Si existe alguna palabra verdaderamente mágica, esa es “mamá”. Su magia proviene de la época en la que todo estaba por aprenderse y cualquier cosa podía ser amenazante, atrayente, divertida y peligrosa a la vez. Cuando si se gritaba “mamá” en la noche, las sombras comenzaban a retroceder; si se pronunciaba entre lloros, sanaba las heridas y si se susurraba en su regazo, el abrazo era más calentito.
Con el crecer, se olvida la magia. Se usa menos la palabra y en público se cambia por “madre” o se le trastoca el acento con deje bromista: “la mama”. ¿Será una cuestión de vergüenza, de miedo a mostrar vulnerabilidad o convencimiento de que ya no se necesita a mamá? A fuerza de no utilizar la palabra con el tono adecuado olvidamos su fuerza y su poder… Y con todo, ellas siguen ahí, pendientes del devenir de sus vástagos, de su felicidad o de si necesitan ayuda. A veces, sin darnos cuenta volvemos a invocarlas de verdad y se produce ese milagro de confianza, sosiego y amor sin límites. Y es que, cuando se pronuncia “mamá” de verdad, el reloj se detiene o retrocede a ese tiempo en el que un abrazo, una caricia o una mirada nos llenaban de felicidad y seguridad.
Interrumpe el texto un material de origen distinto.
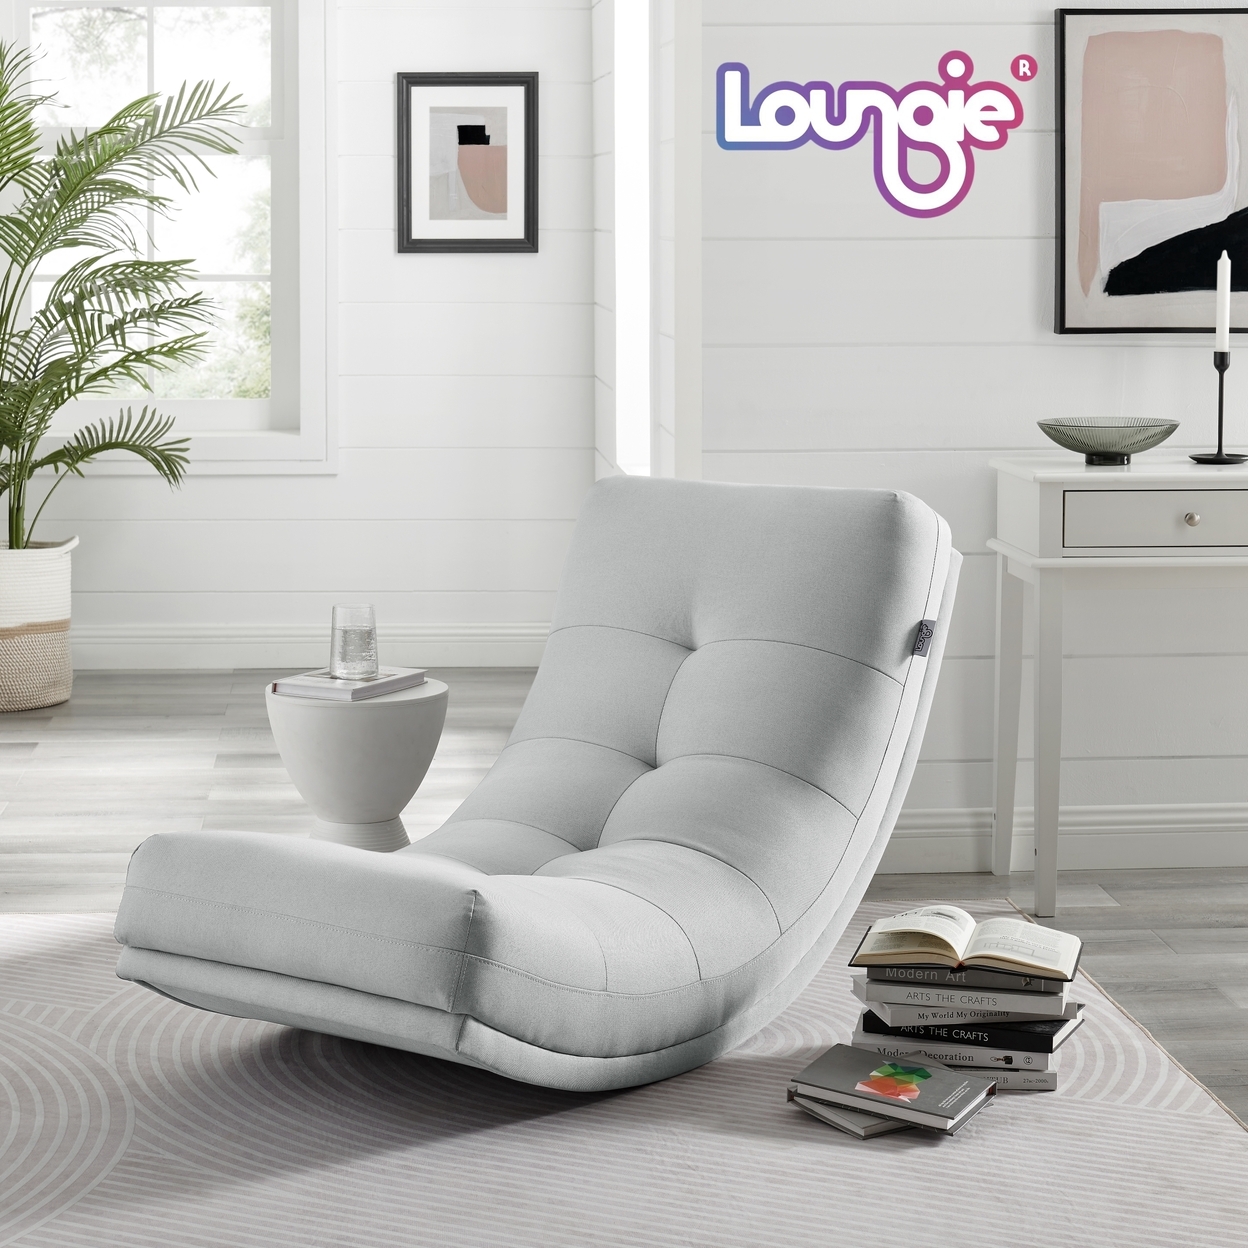 Kaniya Chair - Linen Upholstery, Tufted, Gentle Rocking Design, Ergonomic Shape And Padded Seat - Beige

Nos empeñamos en olvidar el ritmo, la cadencia, la pronunciación exacta para el sortilegio, porque tenemos que demostrarnos que hemos crecido, que somos fuertes, que incluso somos ahora quienes respondemos a “mamá” –o “papá”–, que no necesitamos ese talismán que tuvimos en la infancia. Pero lo necesitamos, aunque no lo utilicemos. Necesitamos esa existencia de nuestras mamás, ese amor incondicional que lo podía todo y todavía hoy lo puede, aunque ellas ya no estén presentes. Puede que leyendo esto, querido lector, sientas el dolor de su pérdida; no sé cómo consolarte, solo sé que se añora lo que se ama y que tu amor es tan grande como lo fue el suyo, incondicional, mágico y para siempre.